GIVEN DATA:
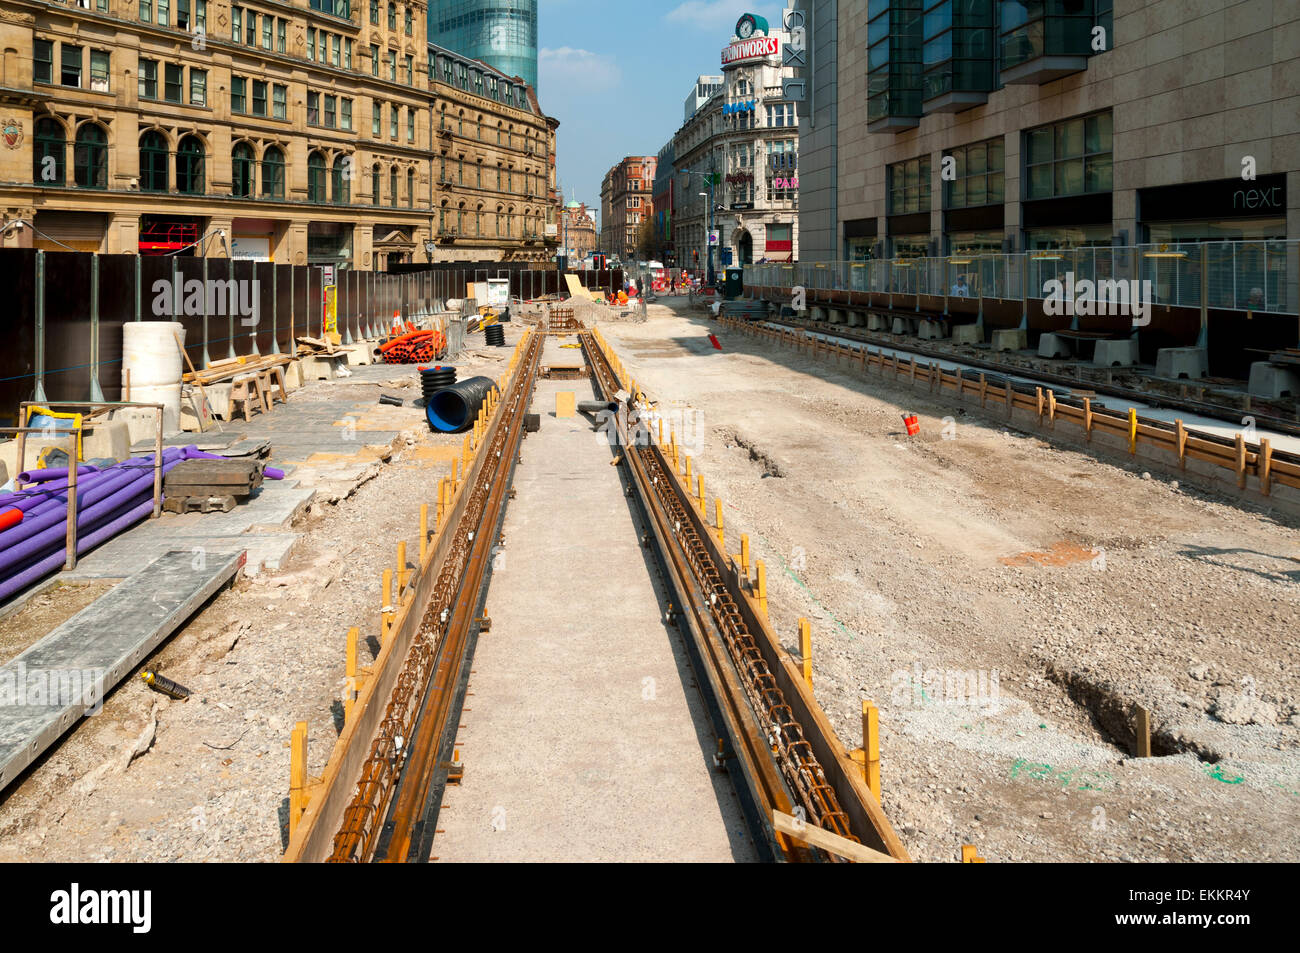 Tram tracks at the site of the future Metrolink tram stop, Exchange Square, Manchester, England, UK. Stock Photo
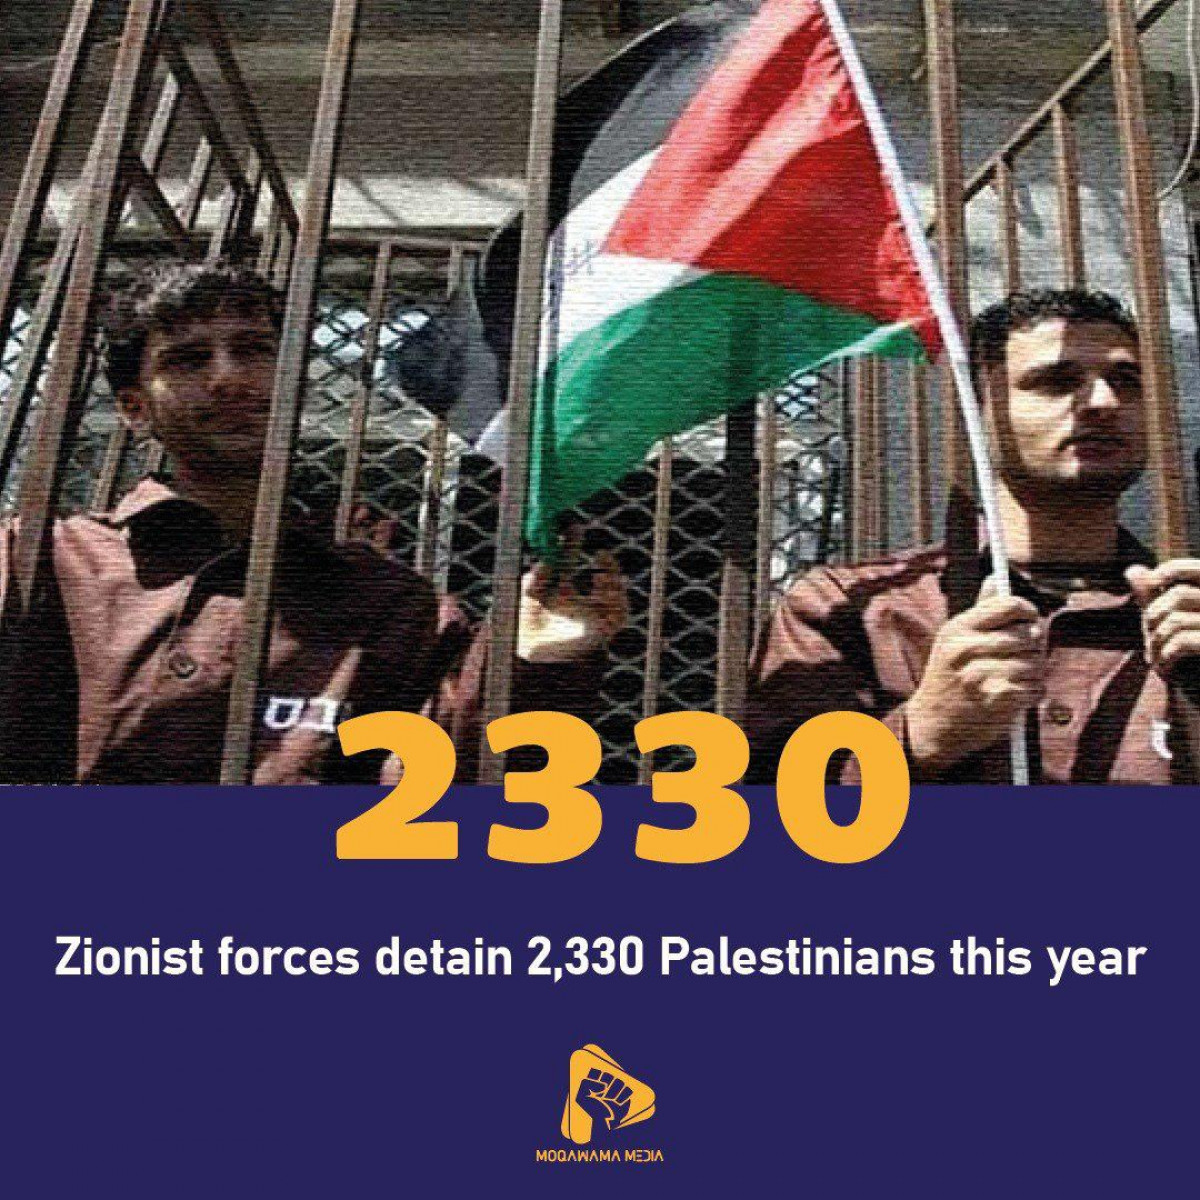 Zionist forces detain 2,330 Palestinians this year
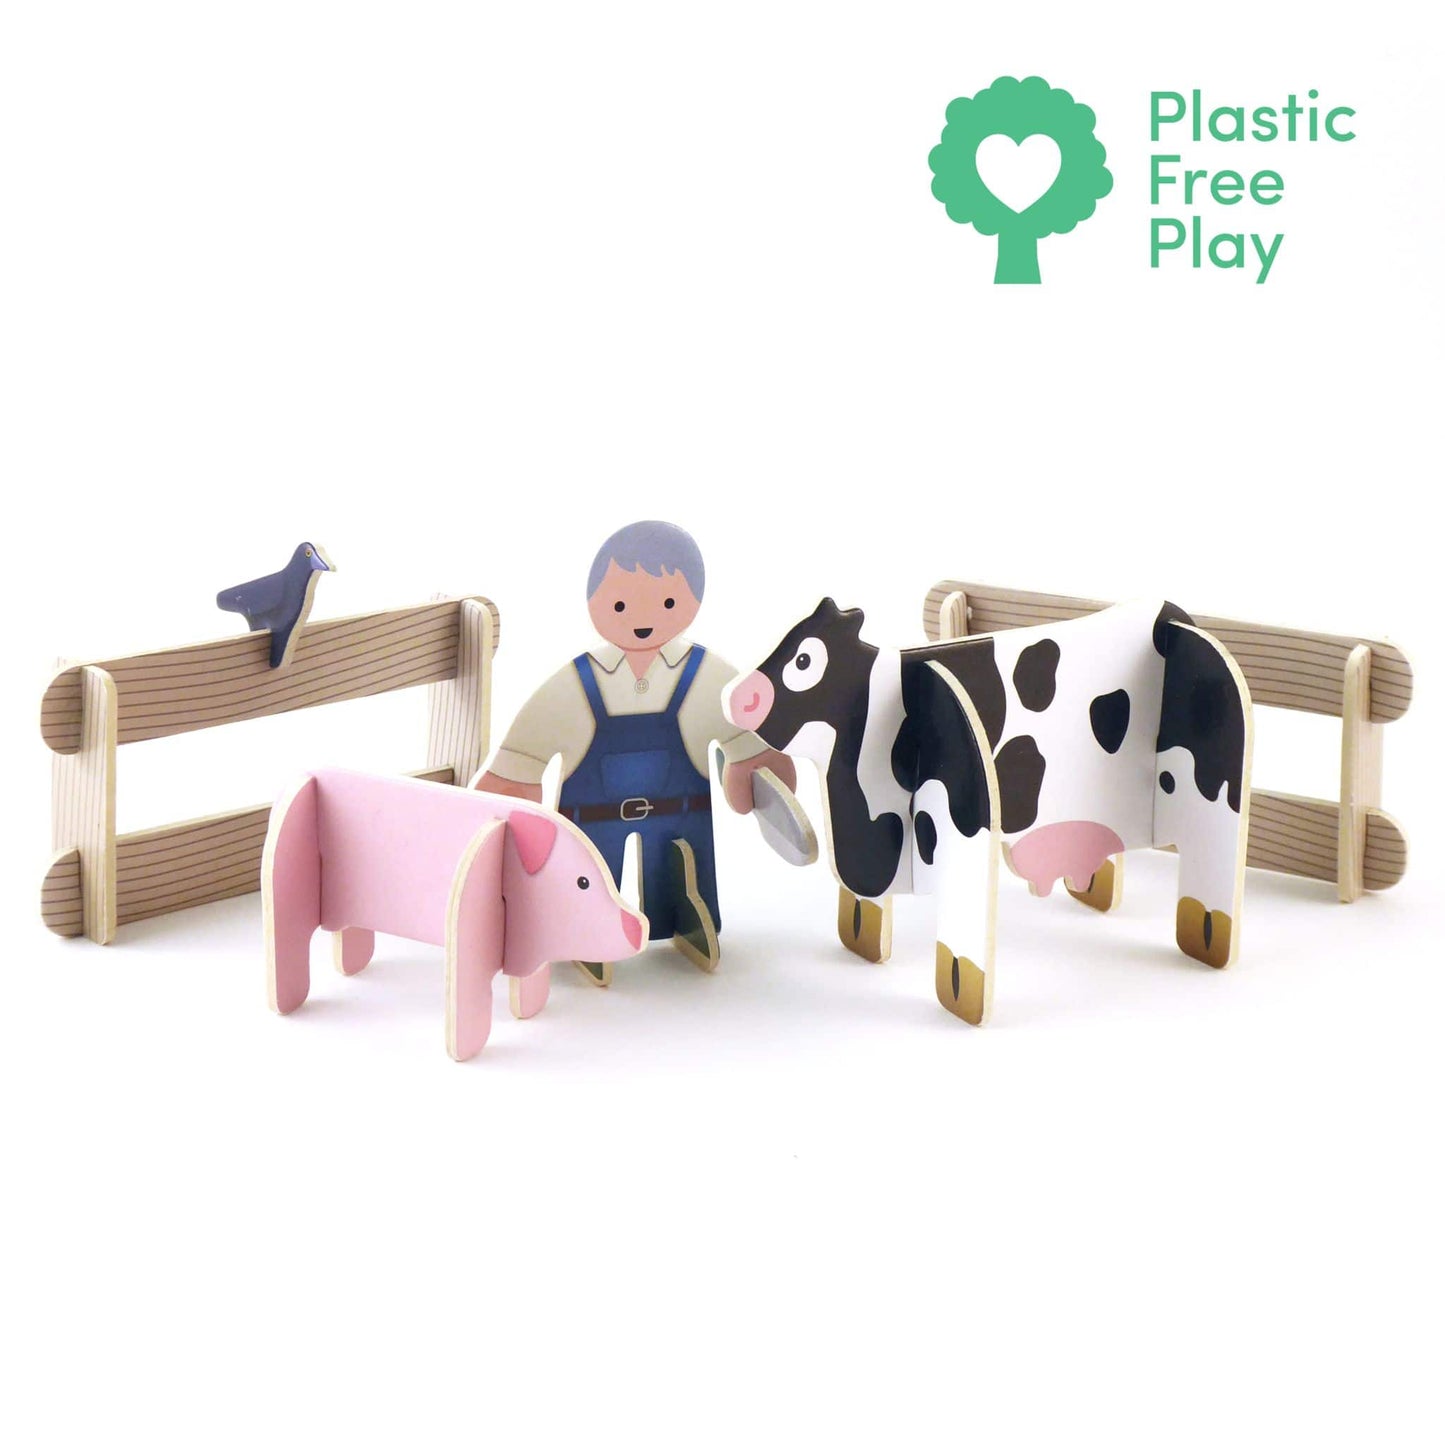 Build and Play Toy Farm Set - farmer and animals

BRIEF:
Reproduce the whole listing above character for character; pictures do not belong in it.

OUTPUT:
 Tram tracks at the site of the future Metrolink tram stop, Exchange Square, Manchester, England, UK. Stock Photo
 Zionist forces detain 2,330 Palestinians this year
 Build and Play Toy Farm Set - farmer and animals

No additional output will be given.